If you have been reading about newer depression treatments, you have probably run into two names that seem to point at the same thing: ketamine and Spravato. Clinics advertise both, articles use them almost interchangeably, and it is genuinely confusing. They are related, they even work on the same part of the brain, but the differences are real and they affect what you can get, how it is paid for, and how it is delivered. Let us untangle it.
They come from the same molecule
Ketamine is a medicine that has been used as an anesthetic in hospitals and ambulances for decades, with a long, well-understood safety record. Chemically, the ketamine molecule exists as two mirror-image versions, a bit like a left hand and a right hand. Esketamine is just one of those two halves - the "S" version - isolated on its own. Spravato is the brand name for that esketamine, formulated as a nasal spray. So Spravato is not a different drug family. It is a purified piece of ketamine, packaged and studied as its own product.

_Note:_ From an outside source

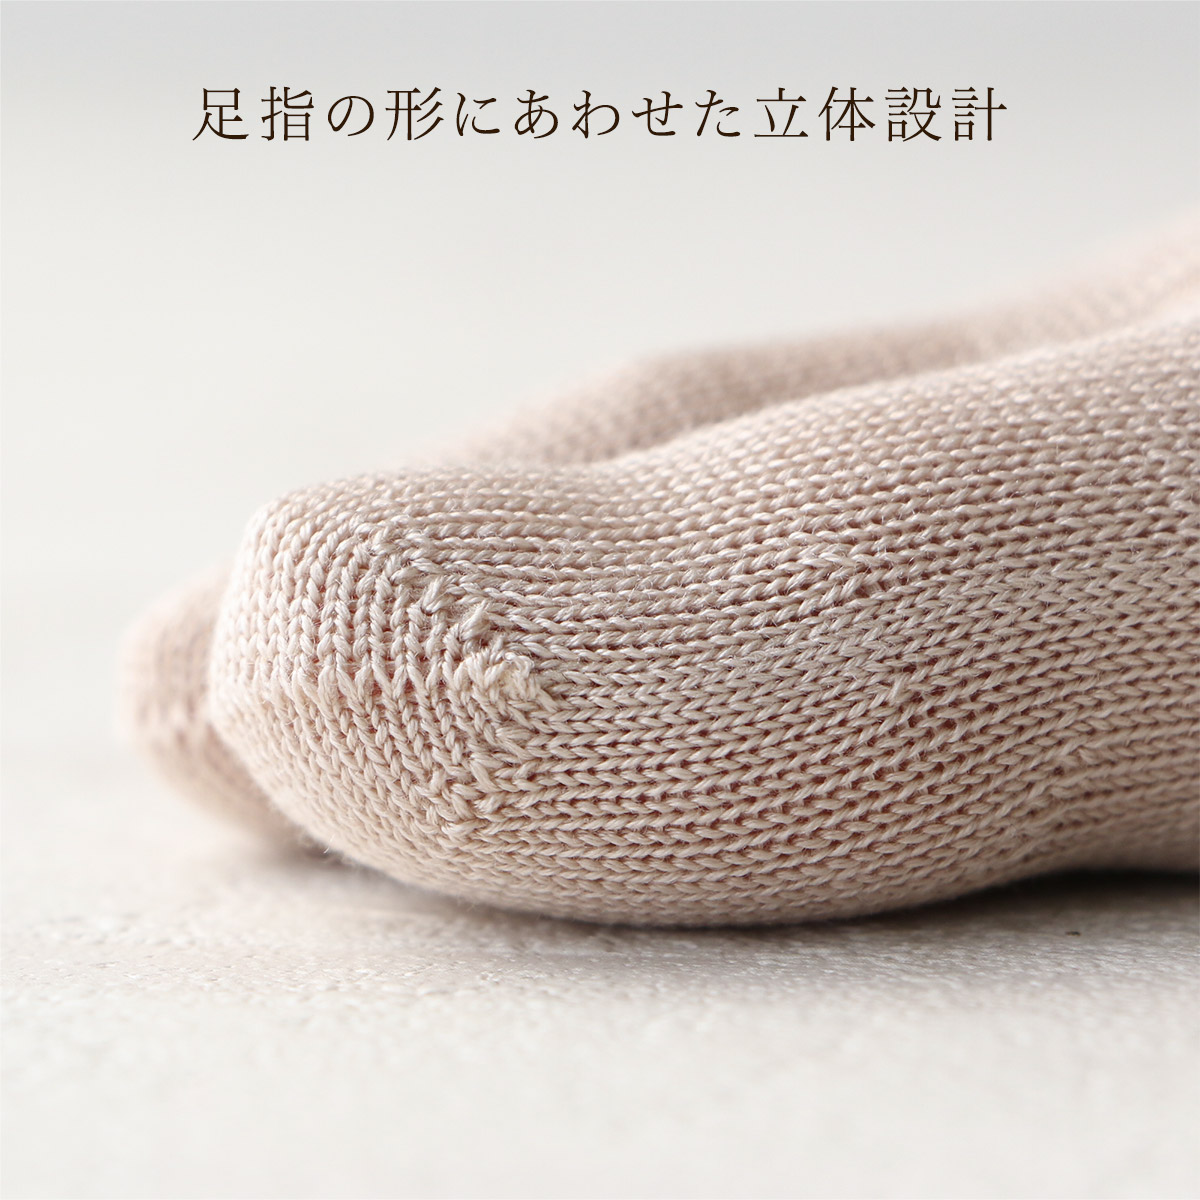 NAIGAI COMFORT ナイガイ コンフォート ホールガーメント シルク (絹) 混 5本指 ゴムなしソフトフィット ソックス 冷えとり 靴下 にも最適♪ レディス レッグソリューション 3022-245【ゆうパケット・4点まで】

Both of them work differently from ordinary antidepressants. Instead of nudging serotonin, they act on the brain's glutamate system, which is involved in how brain cells form and rebuild connections. That different mechanism is why either one can help people whose depression did not budge for the usual pills.
The difference that matters most: FDA approval
This is the crux of it. Spravato (esketamine) is FDA-approved specifically for treatment-resistant depression, and also for depressive symptoms in adults who have suicidal thoughts or actions. That formal approval came after large, controlled studies aimed at exactly those uses.
Ketamine itself is FDA-approved as an anesthetic, not as a depression treatment. When a clinic offers IV ketamine infusions for depression, that is an off-label use. Off-label does not mean shady or illegal - doctors legally prescribe many established medicines off-label based on research and clinical judgment. It simply means the FDA has not put its formal stamp on that particular use, which has real downstream effects on cost and coverage.
How each one is actually given
Spravato is a nasal spray you self-administer inside a certified clinic, then rest and are monitored for about two hours before a planned ride home. It is used alongside an oral antidepressant, and its distribution is tightly controlled through a federal safety program, so you cannot pick it up at a regular pharmacy.
IV ketamine for depression is delivered through a slow infusion into a vein over roughly forty minutes to an hour, also with monitoring, in a clinic that offers it. Dosing and schedules vary more from place to place because there is no single FDA-approved protocol for depression the way there is for Spravato.
What it means for your wallet
FDA approval is the reason coverage tends to split the way it does. Because Spravato is approved for treatment-resistant depression, many insurance plans cover it, and in Missouri that can include MO HealthNet, usually after other treatments have been tried. Off-label IV ketamine, on the other hand, is frequently not covered and is often paid out of pocket. None of this is guaranteed for your specific plan, which is exactly why a good clinic checks your benefits before you commit to anything.
So which one is right?
Honestly, that is not a question a web page can answer for you, and anyone who claims otherwise is overselling. The right choice depends on your history, what you have already tried, your insurance, and a provider's judgment. For a lot of people the practical answer starts with Spravato simply because it is FDA-approved for depression and therefore more likely to be covered. But the useful move is the same either way: bring it to your own doctor. You might say, "I have tried a couple of antidepressants without enough relief. Would esketamine or ketamine be worth looking into for me?" That one sentence turns a confusing search into a real plan.
The bottom line
Ketamine and Spravato are cousins, not twins. They share a mechanism and a heritage, but Spravato is the FDA-approved, insurance-friendlier, nasal-spray version built specifically for stubborn depression, while medical ketamine is the older, off-label infusion. If you live near O'Fallon, both conversations are ones you can have close to home - and your own doctor is the person best placed to help you choose.